= Roger le Strange, Baron Strange =

Anglo-Norman knight and official

Coat of arms of Roger le Strange, Baron Strange, Gules, two lions passant argent; a bordure indented or..

Roger le Strange, Baron Strange, also known as Roger Lestrange or Roger Strange (died 31 July 1311), Lord of Ellesmere, was an English knight, commander and royal advisor.

==Life==
===Role in Wales===
The second son of John Lestrange and his wife Lucy, daughter of Robert of Tregoz, he was given land taken by Henry III of England from rebels in the Second Barons' War. From May 1270 to October 1274 he was Sheriff of Yorkshire, but the focus of his activities was in Cheshire, Shropshire and Staffordshire. Due to his local knowledge of the Welsh Marches he was an important advisor to Edward I of England during his conquest of Wales. During Edward's first campaign in 1277 he was put in charge of Oswestry Castle, Dinas Bran, Builth and Montgomery Castle - the Welsh inhabitants living near these castles regarded him as a tyrant.

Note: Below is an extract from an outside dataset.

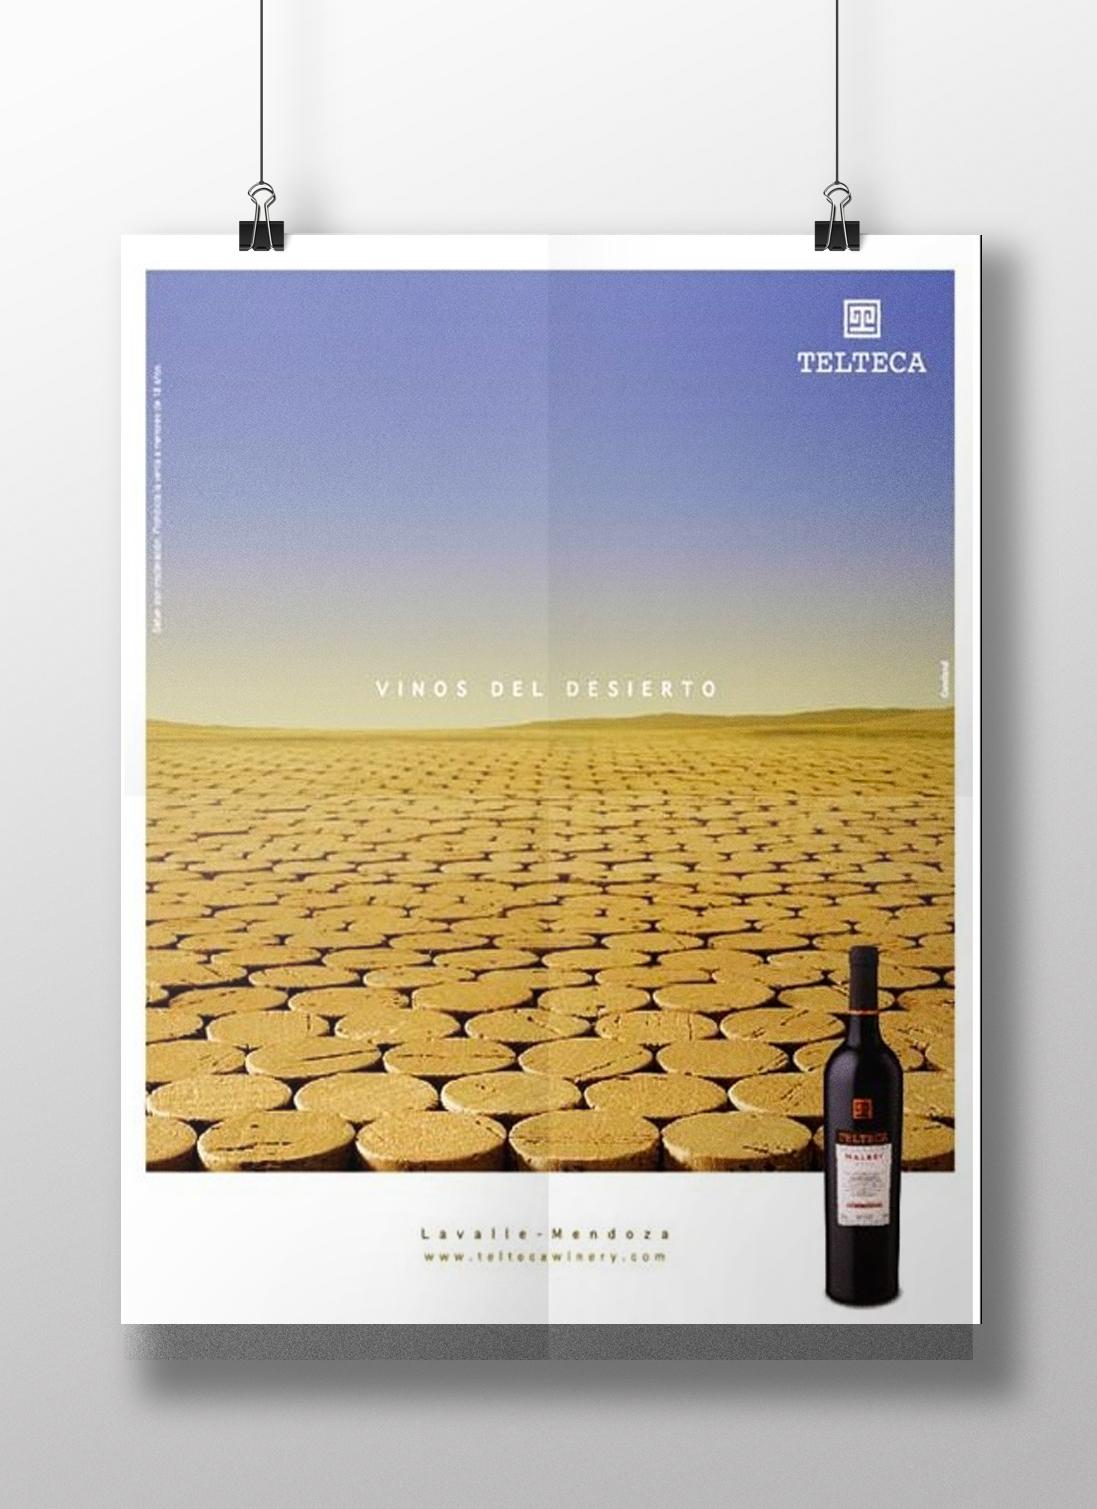 Telteca - Vinos del desierto

Roger played a major part in the 1282-83 campaign and on 30 October 1282 succeeded Roger Mortimer, 1st Baron Mortimer as the English commander in mid-Wales. On 11 December, he fought at the battle of Orewin Bridge, in which Llywelyn ap Gruffydd was killed - Lestrange wrote the letter informing Edward of his death. From 1283, he took part in the siege and capture of Castell y Bere.

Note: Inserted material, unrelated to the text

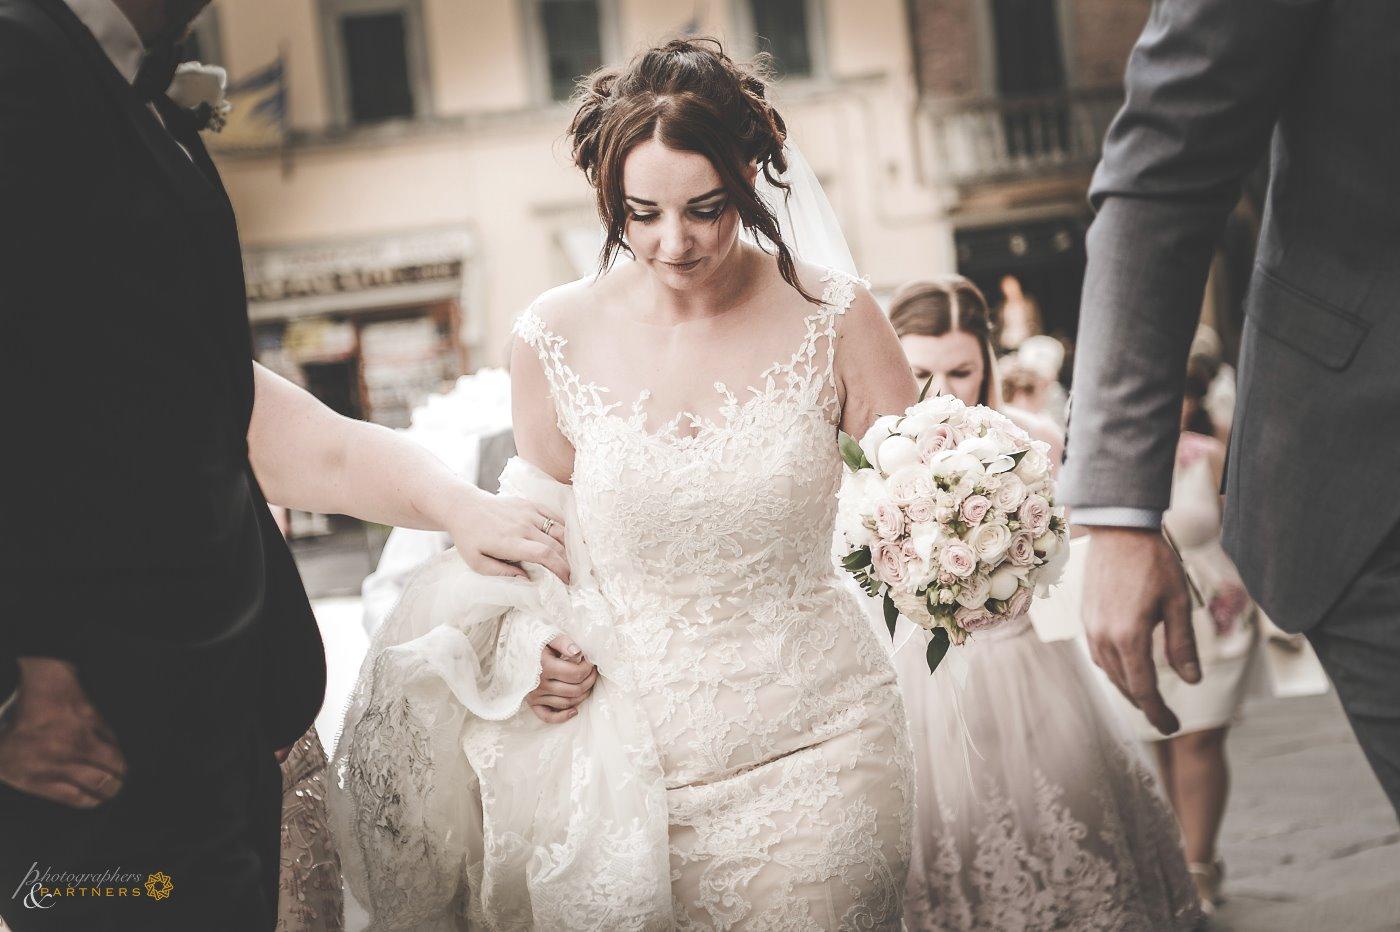 photographer_weddings_cortona_11.jpg

In 1284, he took part in Edward's castle-building campaign in north Wales. In 1287, he took part in the suppression of Rhys ap Maredudd's revolt and the siege of Dryslwyn Castle, as well as the suppression of the 1294 Welsh uprising under Madog ap Llywelyn and the 1295 Gascon and 1297 Flanders campaigns of the Gascon War.

On 21 October 1283, he was transferred to the role of justiciar of the "Forest south of the Trent", which he held until 12 February 1297.

===Marriages===
Roger's first marriage was to Maud, widow of Roger II de Mowbray, 6th Baron Mowbray (died 1266), younger brother of William de Mowbray, signatory of Magna Carta. After her death, he was allowed to hold her lands and property until her children came of age in 1278. On the death of his brother, Hamo le Strange, without issue in 1272 or 1273 Roger inherited Ellesmere, Shropshire and other lands. His second wife Eleanor died in 1280 and in 1307 he married his third wife, another Maud.

===Later life===

In 1291 he was sent as an envoy to pope Nicolas IV, only returning in 1292. He was summoned to several meetings of parliament and the royal counsel and in 1295 he was given the title Baron Strange. Despite his contribution to the conquest of Wales, he did not have a fiefdom or lordship there, although he had hoped to rule Maelor Saesneg in north Wales.

He served in the royal household as a knight for many years but he was already recorded as being sick in 1298 - Edward decreed in 1306 that he was so indebted to him for his service that he would attend his funeral. He undertook several further smaller missions for the king and was one of the signatories of the barons' letter to the pope in 1301. He died without surviving issue in 1311 after a long illness.